◆ WHAT IS EXPECTED:
From the line bearing "Džíny Urban Classics" down to the final line of the records below, give every line again exactly and add nothing.

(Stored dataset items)
-----

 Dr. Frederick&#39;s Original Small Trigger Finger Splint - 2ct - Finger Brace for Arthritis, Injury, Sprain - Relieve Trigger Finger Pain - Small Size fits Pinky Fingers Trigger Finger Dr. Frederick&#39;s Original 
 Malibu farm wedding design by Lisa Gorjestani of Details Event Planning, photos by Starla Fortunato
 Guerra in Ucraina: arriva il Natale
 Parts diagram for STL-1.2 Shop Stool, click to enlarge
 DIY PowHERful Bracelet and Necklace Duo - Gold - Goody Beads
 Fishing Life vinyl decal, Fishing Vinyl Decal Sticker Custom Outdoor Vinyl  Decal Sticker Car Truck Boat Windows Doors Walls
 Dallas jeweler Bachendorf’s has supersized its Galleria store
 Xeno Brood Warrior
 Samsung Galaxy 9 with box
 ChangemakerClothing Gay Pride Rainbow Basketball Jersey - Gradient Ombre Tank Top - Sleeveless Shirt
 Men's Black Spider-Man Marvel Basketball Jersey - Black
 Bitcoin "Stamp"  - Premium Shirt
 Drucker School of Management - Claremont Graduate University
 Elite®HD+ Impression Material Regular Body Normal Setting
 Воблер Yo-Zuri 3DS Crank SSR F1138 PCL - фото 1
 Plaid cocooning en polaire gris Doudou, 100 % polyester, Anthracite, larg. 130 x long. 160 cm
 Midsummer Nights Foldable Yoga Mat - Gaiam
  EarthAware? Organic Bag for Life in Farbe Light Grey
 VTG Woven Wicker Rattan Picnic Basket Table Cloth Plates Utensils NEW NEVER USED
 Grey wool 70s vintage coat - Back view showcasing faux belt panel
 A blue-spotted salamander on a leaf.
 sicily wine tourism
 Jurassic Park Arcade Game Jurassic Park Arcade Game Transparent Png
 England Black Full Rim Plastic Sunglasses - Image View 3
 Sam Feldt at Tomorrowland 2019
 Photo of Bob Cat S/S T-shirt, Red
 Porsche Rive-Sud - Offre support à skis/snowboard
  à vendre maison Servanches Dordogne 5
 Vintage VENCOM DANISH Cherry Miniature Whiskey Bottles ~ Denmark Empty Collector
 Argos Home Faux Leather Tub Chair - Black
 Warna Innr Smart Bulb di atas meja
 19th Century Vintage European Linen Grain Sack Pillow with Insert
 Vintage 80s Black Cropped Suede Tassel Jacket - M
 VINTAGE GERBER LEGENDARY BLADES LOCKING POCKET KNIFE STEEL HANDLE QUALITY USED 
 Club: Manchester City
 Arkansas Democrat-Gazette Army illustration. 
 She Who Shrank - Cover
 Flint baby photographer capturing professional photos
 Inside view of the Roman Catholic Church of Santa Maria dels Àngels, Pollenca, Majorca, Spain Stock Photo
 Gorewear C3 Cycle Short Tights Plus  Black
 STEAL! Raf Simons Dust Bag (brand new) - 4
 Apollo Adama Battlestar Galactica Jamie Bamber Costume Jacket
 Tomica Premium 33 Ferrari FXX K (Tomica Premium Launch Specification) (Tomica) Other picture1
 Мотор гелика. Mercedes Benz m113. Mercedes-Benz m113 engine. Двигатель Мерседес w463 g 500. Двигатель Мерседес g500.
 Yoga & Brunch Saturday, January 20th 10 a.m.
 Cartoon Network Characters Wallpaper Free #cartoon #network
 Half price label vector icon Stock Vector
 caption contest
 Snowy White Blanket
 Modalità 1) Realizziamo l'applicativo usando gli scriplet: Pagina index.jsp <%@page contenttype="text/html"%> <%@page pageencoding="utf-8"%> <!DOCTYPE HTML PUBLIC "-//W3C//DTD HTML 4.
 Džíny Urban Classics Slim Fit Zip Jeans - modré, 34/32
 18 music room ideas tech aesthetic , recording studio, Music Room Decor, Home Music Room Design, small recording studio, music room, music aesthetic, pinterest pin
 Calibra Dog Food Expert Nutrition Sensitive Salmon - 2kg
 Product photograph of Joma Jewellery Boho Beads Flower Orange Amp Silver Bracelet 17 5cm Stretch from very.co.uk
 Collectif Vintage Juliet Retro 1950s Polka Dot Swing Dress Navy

-----

◆ TASK OUTPUT:
 Džíny Urban Classics Slim Fit Zip Jeans - modré, 34/32
 18 music room ideas tech aesthetic , recording studio, Music Room Decor, Home Music Room Design, small recording studio, music room, music aesthetic, pinterest pin
 Calibra Dog Food Expert Nutrition Sensitive Salmon - 2kg
 Product photograph of Joma Jewellery Boho Beads Flower Orange Amp Silver Bracelet 17 5cm Stretch from very.co.uk
 Collectif Vintage Juliet Retro 1950s Polka Dot Swing Dress Navy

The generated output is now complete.